Jack Benny's favourite home, by his daughter's account, was the first house he owned in California. Jack and Mary Livingstone rented three different places in Los Angeles after leaving New York, then bought a piece of land in 1937 and had a home constructed on it. The address was 1002 Roxbury Drive in Beverly Hills. The home is still there but has apparently been renovated extensively inside. It's said the house was copy of the home of George Burns and Gracie Allen but larger.
Joan Benny related in her book that the area was still fairly rural at the time and vacant lots were not uncommon. It was a kindler, gentler time. The Benny home had minimal security, with a system which Jack sometimes activated accidentally. Fans could walk up to the door if they wished—and some did.

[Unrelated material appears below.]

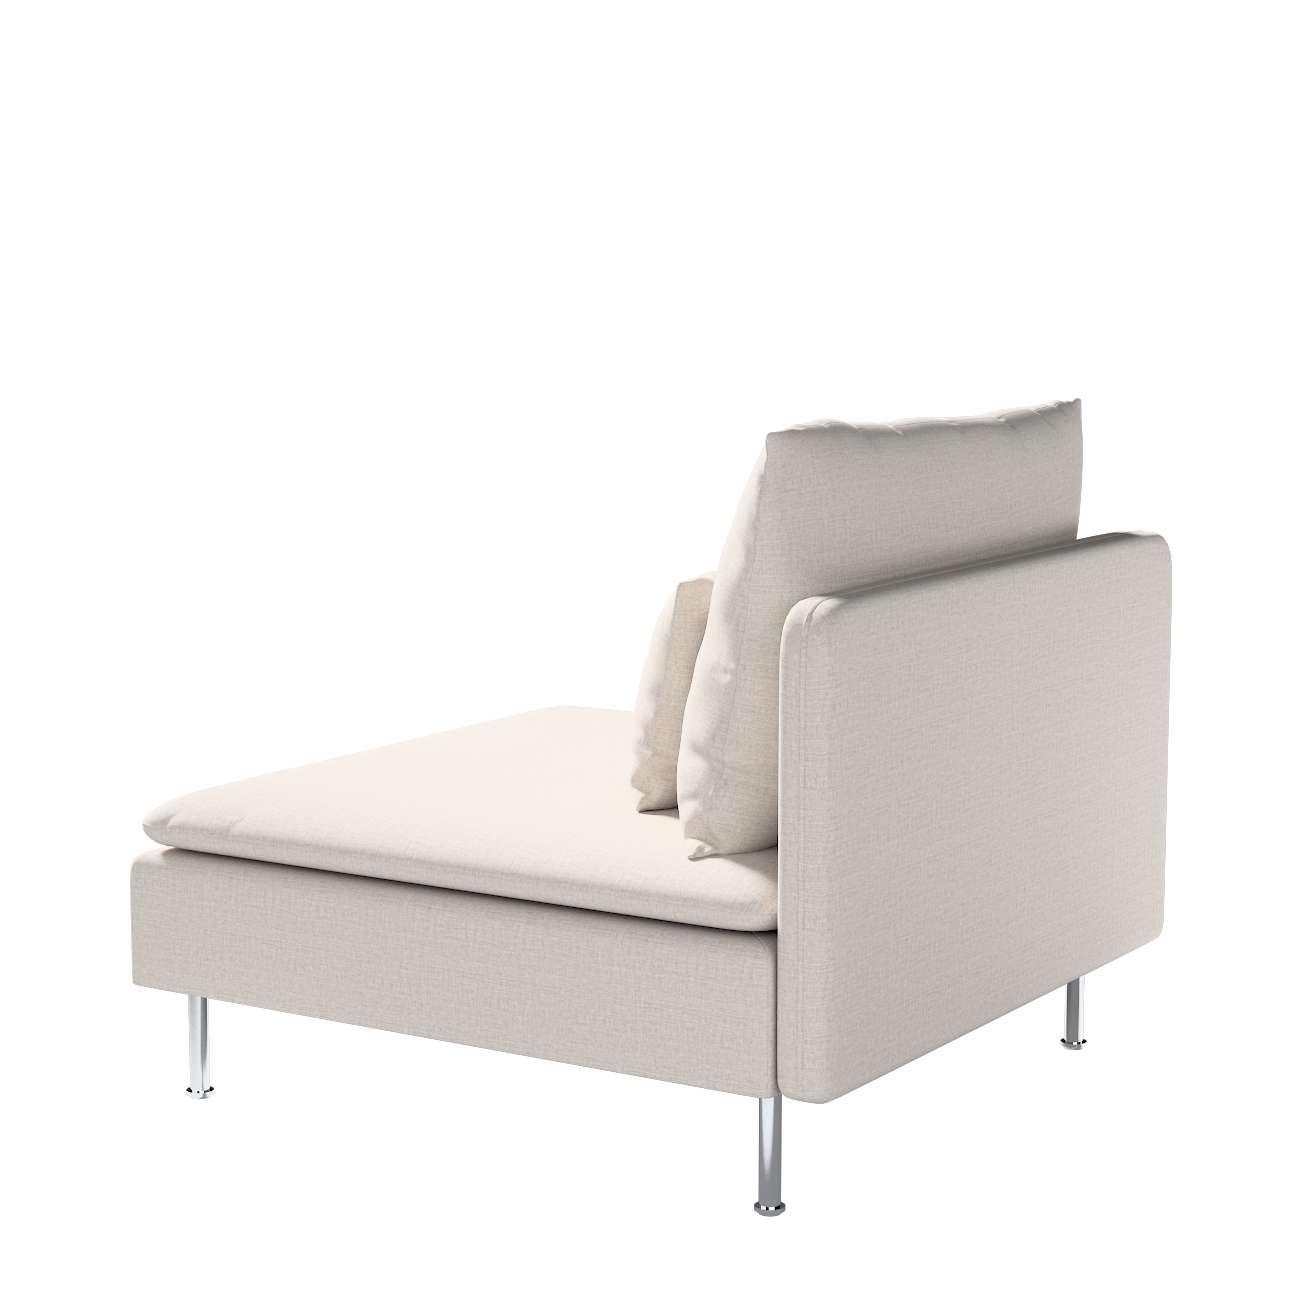 Bezug für Söderhamn Sitzelement 1 von der Kollektion Living II, Stoff: 161-00

The Bennys called it home for 30 years before Mary Livingstone decided she wanted to move. She and Jack bought two 39th floor penthouses before tiring of life overlooking the Pacific and purchasing a house hidden away in the Holmby Hills area.
Radio Mirror took a tour through the Benny house on Roxbury and published its findings in the April 1940 edition. These poorly-scanned photos accompanied the story.
House of Laughter
OF course, it's just a "tumble-down shack," the Benny house on Roxbury Drive in Beverly Hills, California, or so Jack says. Just a modest little grey home in the West. Even if you remind Jack of its Venetian chandeliers, inch-thick carpets, movie projection room, five bathrooms, two bars and real Battenburg lace piano cover, he insists those were Mary's ideas, not his. As star of his new Paramount picture, the rip-roaring "Buck Benny Rides Again," he could hardly admit that he likes such fripperies. Then, you say what about his mirrored dressing room, his antique mahogany highboy and his fourposter bed, whereupon he grins and says, what the heck, a guy's gotta have a half-way decent place to live in, and shows you all around, pleased as punch with the house and with himself for building it.
Well, it is something! White French Provençal set in the middle of an acre or more of ground with a swell green lawn in front; mammoth patio, swimming pool and rose garden in the back. And from the moment you enter the spacious, circular hall, papered in gray, canopied by a gorgeous chandelier fully ten feet long and sentinelled by a beautiful grandfather's clock, you realize you are in not only a house but a home.
The drawing room (Jack won't call it that, but Mary does) is done in soft rose beige tones with harmonizing satin-striped wall paper. The carpet is beige, the drapes beige and apple green satin brocade and most of the furniture is antique with beige and apple green coverings. But here and there a scarlet chair or cushion provides a bright color accent.
Back of the drawing room is the playroom, a gay, homey place with corner seats upholstered in scarlet or green, pool, card and backgammon tables scattered conveniently about, and a projection room opening off one end, its door cunningly concealed by two large pictures.
The very formal beige and brown dining room opens on a gay little chintz hung breakfast room, where Jack and Mary and Baby Joan eat when there isn't any "company." The library is a comfortable room with a blue Oriental rug on the floor, shelves full of books that look as though they have been read, and a handsome desk which Jack says is too fancy for any real transaction of business. Several secret closets, tucked away behind movable book shelves, were when we viewed them stuffed full of Santa Claus' Christmas presents for Joan.
Upstairs you'll find Mary's bedroom. It is very luxurious, decorated in the same quiet beige shades as the drawing room, but her dressing room, as big as some people's living rooms, is a gorgeous affair of mirrors and crystal fittings. Across a little hall, Jack's bedroom, dominated by the simply huge highboy we mentioned and his equally huge four-poster, is a pleasingly masculine room done in browns and tans, with leather upholstered chairs and even a leather upholstered chaise longue. And, yes, Jack's dressing room is lined with mirrors, though he vows he never looks in any of them—well, hardly ever!
Upstairs there is also a gay nursery for Joan and beyond that a sun deck built especially for her. There is a guest room, too, a pretty, quaint apartment complete with dressing room and bath.
The playhouse, a separate building beyond the swimming pool, has another big bar, more card and game tables, a barbecue pit and dressing rooms for swimmers. The furnishings are done in scarlet and green.
There are several other things, too, about the Benny house which make it quite complete—things like huge servants' quarters, fireplaces in every room except the dining room and kitchen, a mammoth butler's pantry (well stocked with jello) and a perfectly ducky powder room on the first floor.
All in all, the house that Jack Benny built is something to be proud of—and who wouldn't be with a charming wife like Mary and a beautiful adopted daughter like Joan to share his long cherished dream?